In 2013, the over 100years Alavanyo-Nkonya bloody conflict, located in the northern Volta region became more intense and dangerous again. The violent clashes returned, some people were kidnapped and killed, some people were shot dead and some farms and house were set ablaze. Government, as usual, sent the military and the police to restore calm and the unproductive curfew was re-imposed.
So I was moved by a passionate concern to intervene using my organisation, (YPSA) Youth for Peace and Security Africa, to help the people build a lasting peace to end the conflict. At the time, in 2013, I was 28 years old, and a managing director of a private institution in Eastern Region- Koforidua. I resigned from my well-paying job, emptied my bank savings, and sold my properties so I could continue to fund that intervention to the end of the project. I relocated to the dangerous and ravaged communities of Alavanyo and Nkonya, randomly camping in houses for over a year. Camping in the communities was very central to investigating the bases of the conflict to isolate the many and varied internal and external interests, fear, threats and concerns in the conflict. This was the only way I could build an informed, inhabitant-based, and inclusive roadmap solution to end the conflict. The progress and the successes were unprecedented and that was even acknowledge by the Biakoye District Assembly.
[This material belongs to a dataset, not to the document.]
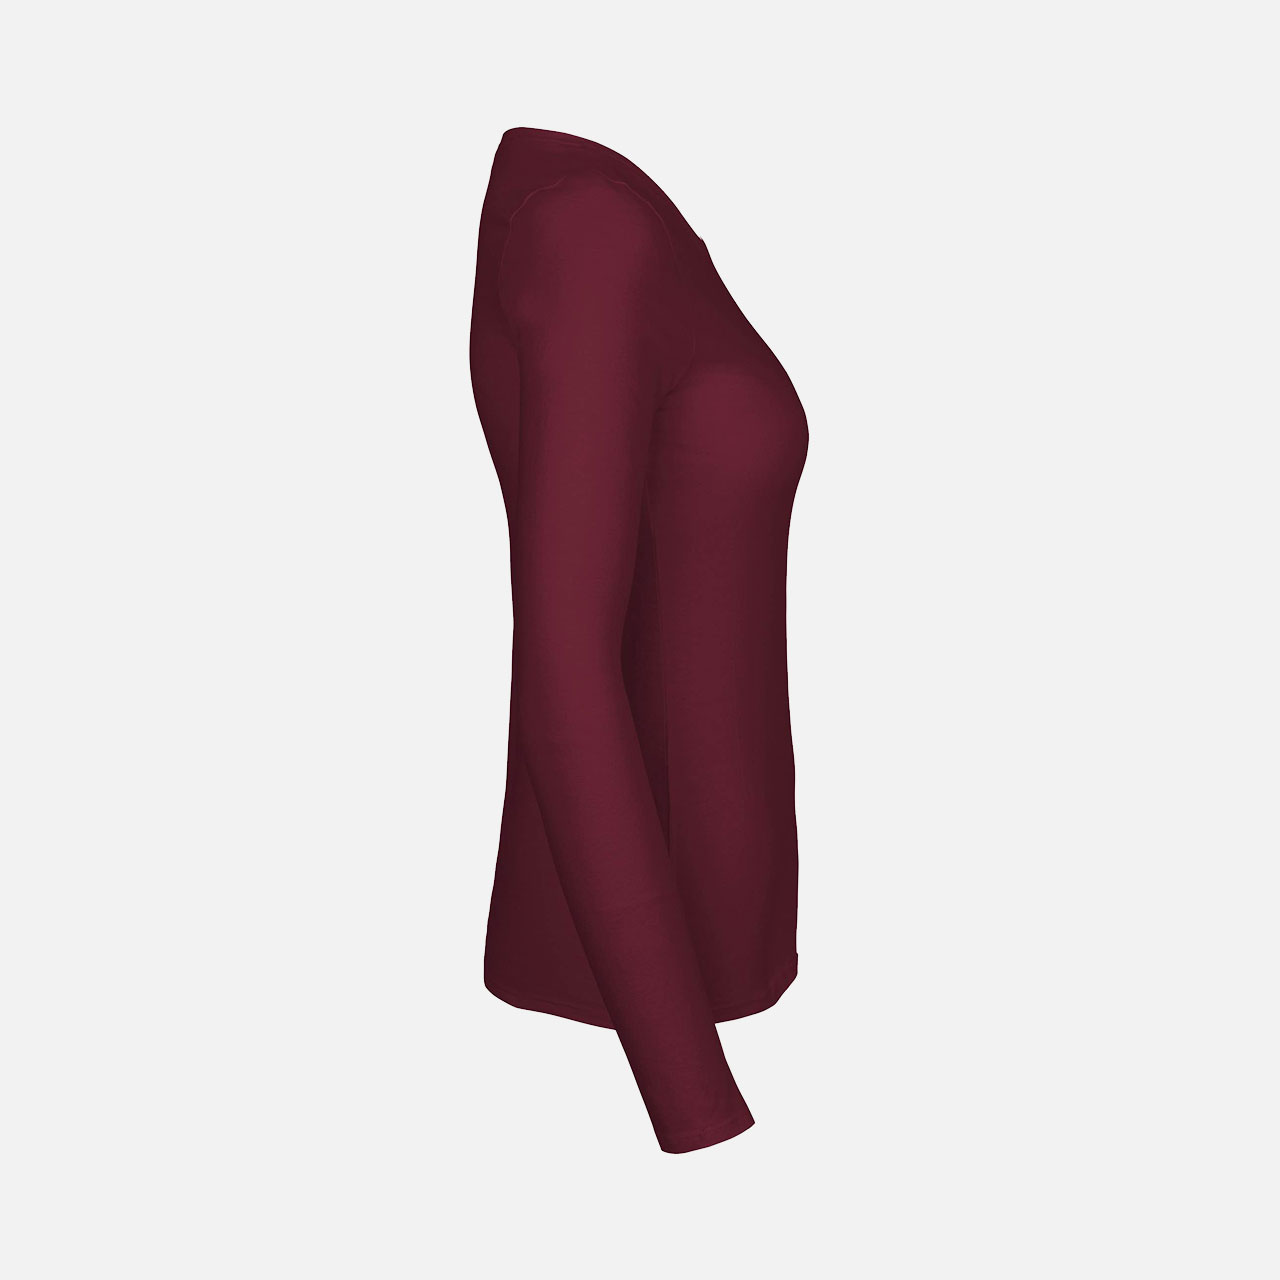 Doppelpack Ladies Long Sleeve Shirt - Bio Baumwolle Bordeaux M Bordeaux

From day one and the beginning of that project I engaged all the so called stakeholders. That included, The Volta Regional Coordinating Council, The Regional Peace Council, The Hohoe Municipal Assembly, The Biakoye District Assembly, The Chief and Elders of Both Towns and the Community Members. Though the minister then indicated they were not going to fund the project I was giving them and other relevant institution, regular reports on the progress of the projects. They were invited to major meetings and conferences during the project, of which majority they did not attend.
After nine months, so many activities, mobilizing the people into various working associations, groups and committees to perform specific tasks; expanding internal reconciliations to heal victims of the conflict and prepare the minds of the people for a lasting peace; and laying the ground for the commencement of the peace-talk between the two parts, hope for a lasting peace was on the face of many people in the communities.
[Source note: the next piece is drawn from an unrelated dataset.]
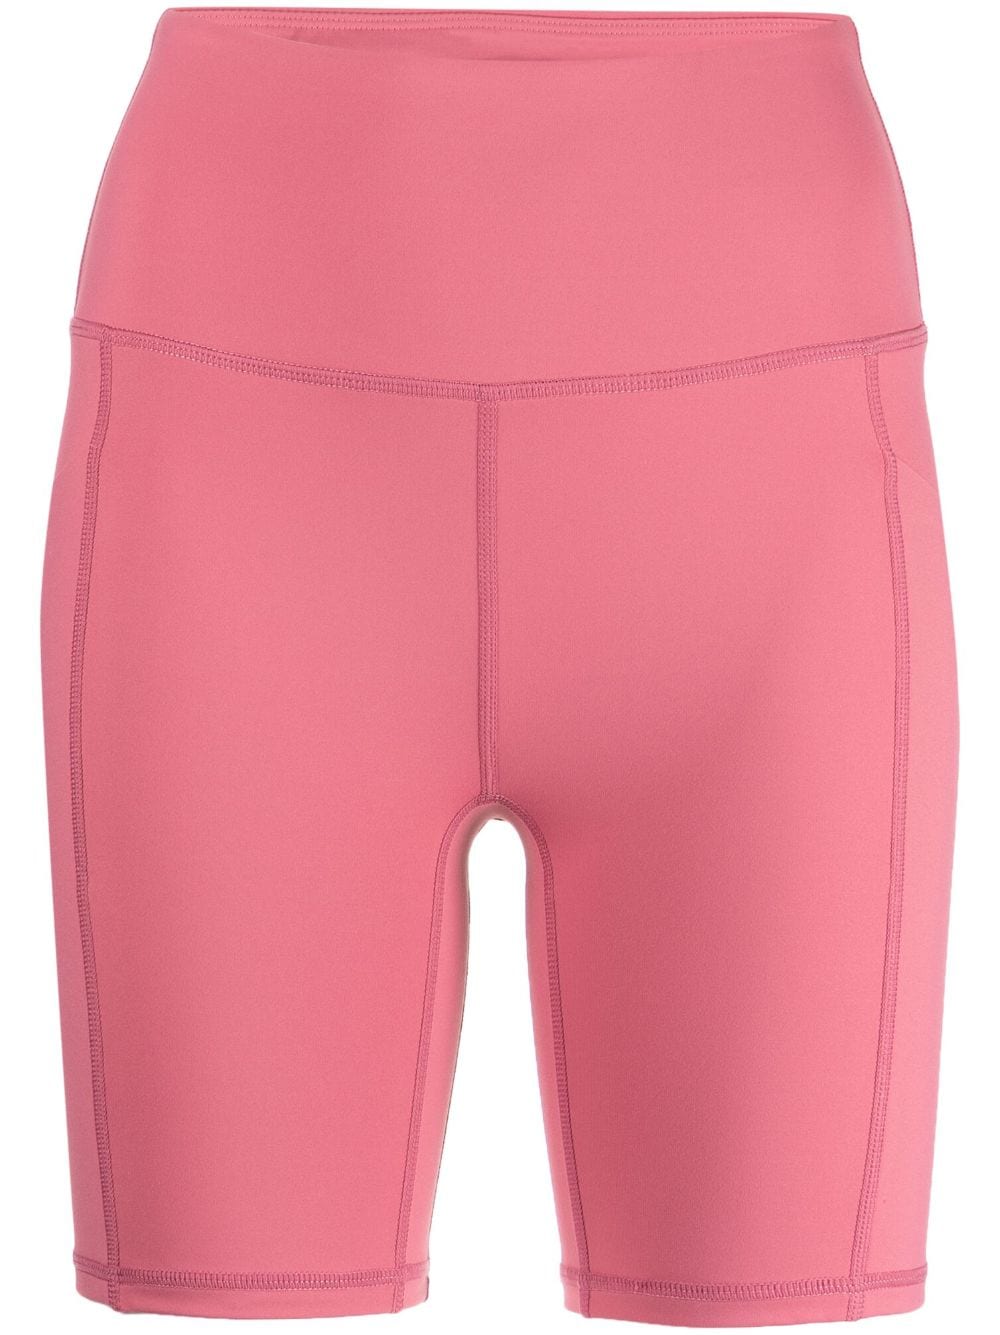 Varley Let's Go Pocket cheetah-print shorts - Pink

At this stage I started receiving unwelcoming and inexplicable attitudes from The Volta Regional Minister and some Members of the Ministry and the Volta Regional Peace Council. Though they said they were been embarrassed by the progress and the success of the peace process, and were concerned that they were not getting any credit, it still does not make sense to me. Mind you, during my investigations, I discovered that there are network of people including some invisible public authorities cashing on the conflict, in illegal lumbering, large marijuana farming and trade, and moneys for so called peacekeeping operations.
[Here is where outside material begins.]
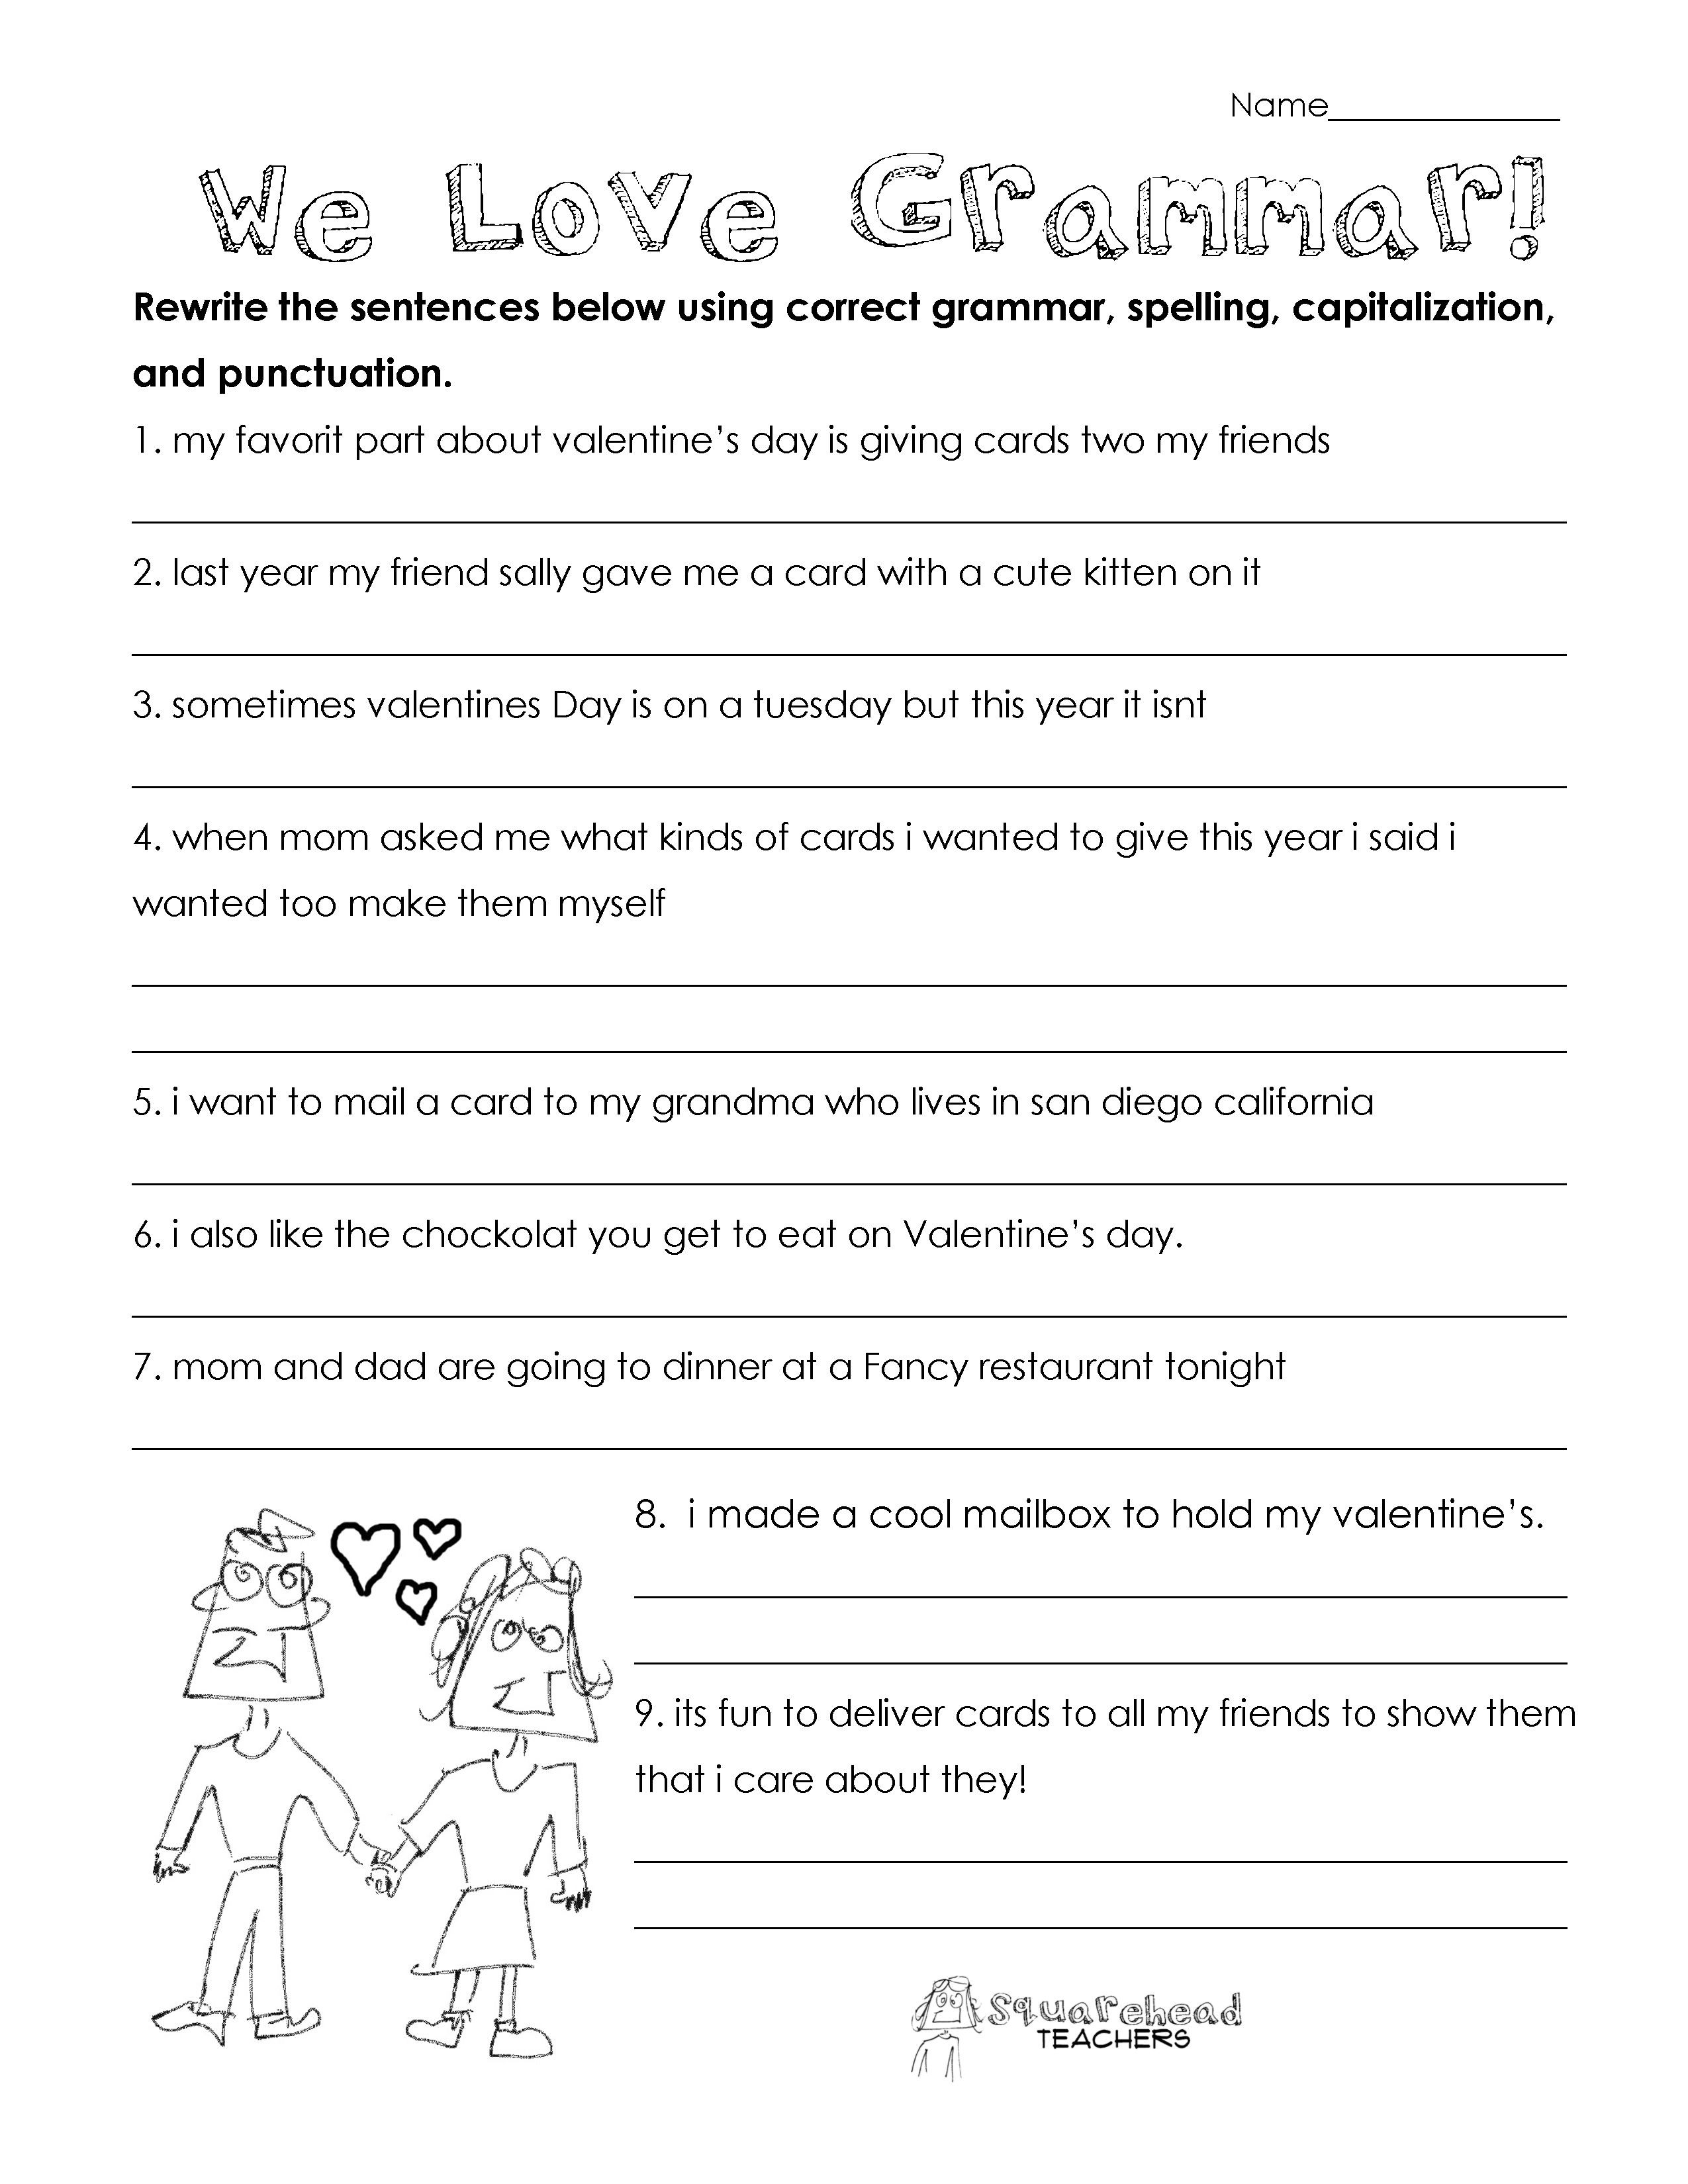 Grammar Worksheets for 3rd Grade Valentine S Day Grammar Free Worksheet for 3rd Grade and Up

One day, on my way to a meeting in a community I received a call from unknown number who warned me that on my way to where I was going people were positioned to kill me. I took the warning seriously and returned to my base. The project still continued anyway. Later, I was invited to the Volta regional ministry and met the then minister, the deputy, the director, and other members. I was given a specific instructions to suspend the project with no explanation. They said if it was job I wanted they could help me or if it was conflict I wanted to resolve then I should park and go to Nkwanta-North. I resisted and insisted on continuing the project especially that I was funding the project myself and that did a lot over the nine-month camping there to prepare the people for the peace-talk.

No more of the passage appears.